Social gender norms in body language : The construction of stereotyped gender differences in body language in the American sitcom Friends

University essay from Karlstads universitet

Abstract: Nonverbal communication such as body language is a vital component of our communication, and since scholars agree that there are some notable differences in the way men and women use body language, the study of gendered nonverbal communication as a social construction is vital to our understanding of how we create gendered identities. The aim of this paper is to investigate how social gender norms concerning body language appear in constructed communication. By studying the body language of the characters in the American sitcom Friends, and with focus on leg postures, I examine how the show Friends enacts and represents stereotyped sex differences in body language. The study encompasses both the distribution of leg positions between the genders, and what these postures seem to accomplish in interaction. As for the relationship between gender and leg postures, I observed the sitting positions of the characters Chandler, Ross, Joey, Monica and Rachel in six episodes from the 1999/2000 season of Friends for the first study. For the analysis of leg postures in relation to the communicative situation, the entire corpus of ten episode recordings was used. Based on repeated inspection of scenes where leg positions could be studied in relation to gender and communication, systematic patterns were identified. The results of the study are consistent with the findings of scholars like Vrugt and Luyerink (2000); women tend to sit in closed postures or with their legs crossed, which is regarded feminine, while men sit in wide positions with their legs spread, which is regarded masculine. Furthermore, the characters/actors in Friends seem to perform their gender roles partly by using different leg positions and wideness of postures.
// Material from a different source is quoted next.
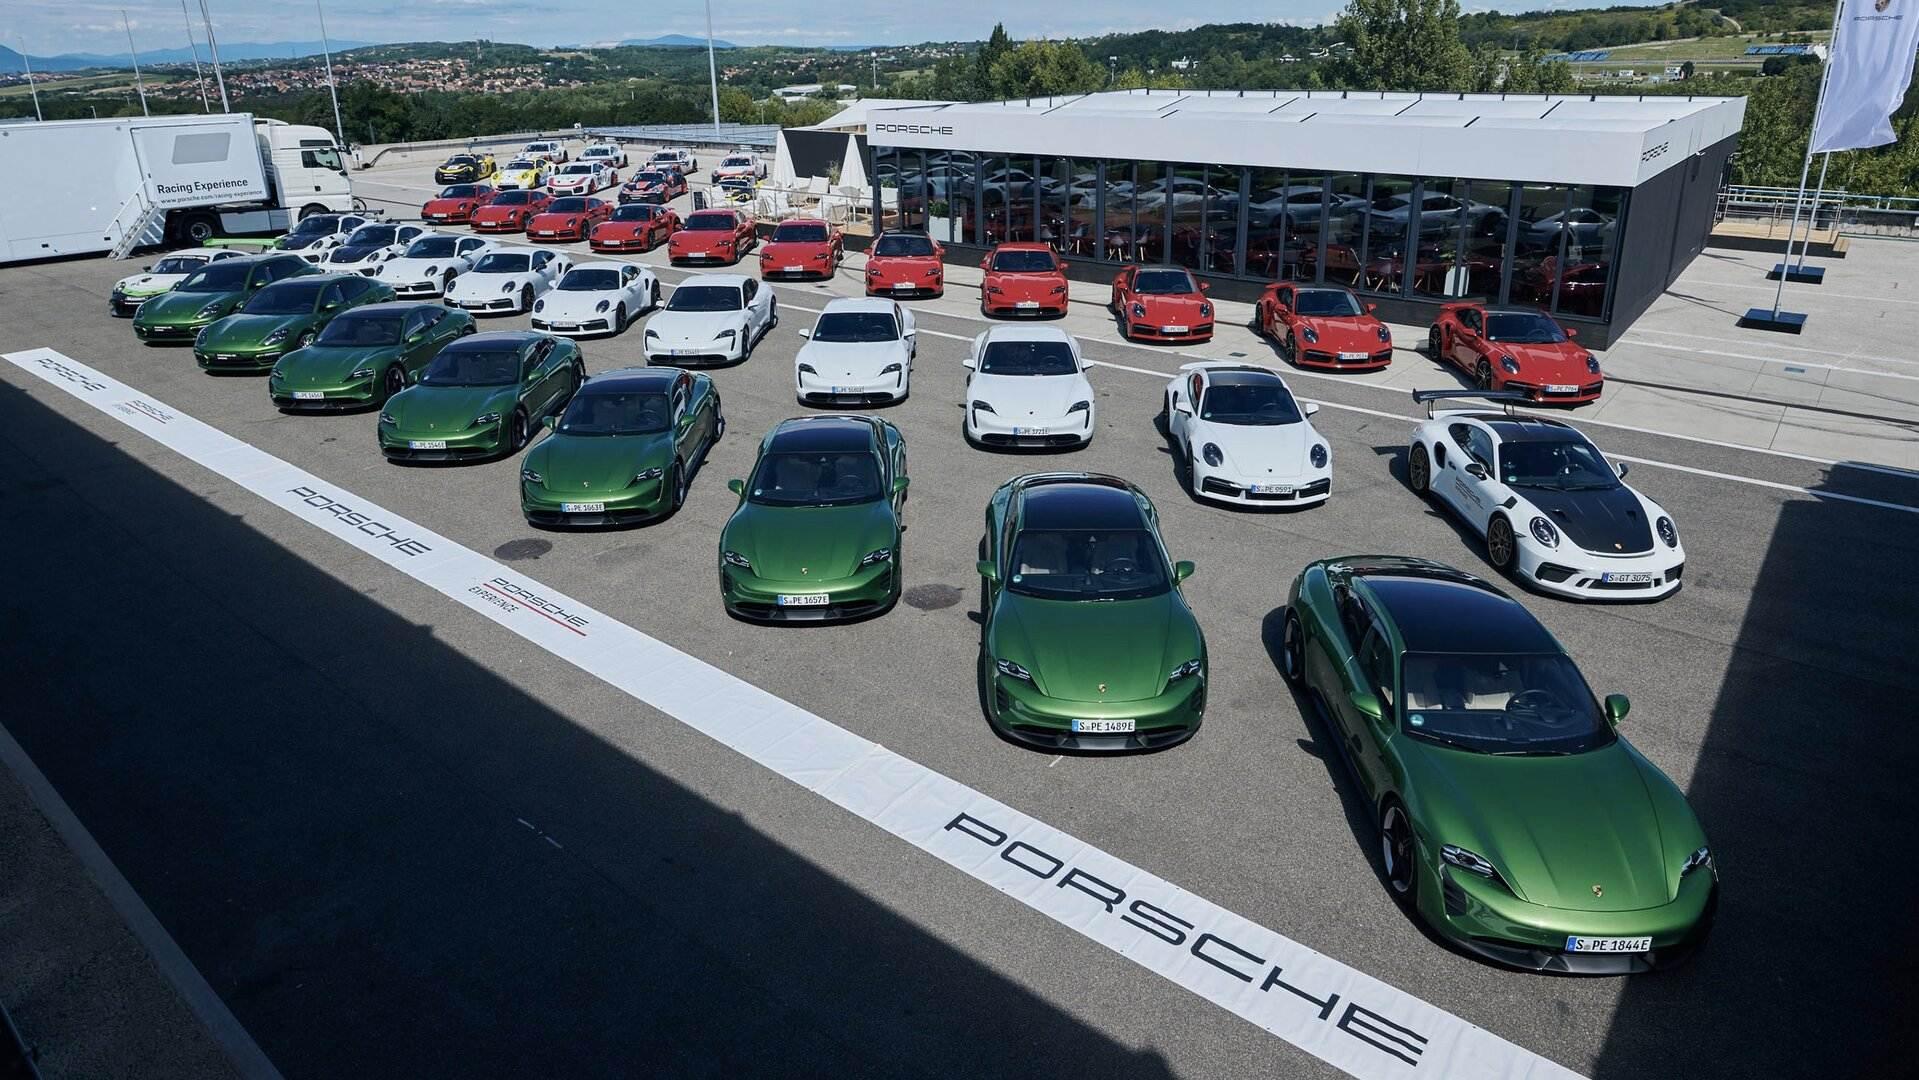 Porsche turbo charging 4

However, leg positions alone were not found to be decisive in the messages communicated, and emotions and stance were communicated using verbal and other non-verbal channels and cues. Instead, leg positions remained gender-stereotypical regardless of the message communicated, and men and women seem to communicate the same message using different leg positions. It is therefore concluded that leg positions are an inherent part of “doing gender”, but that leg positions as such are not necessarily related to the type of message or emotional stance that is communicated.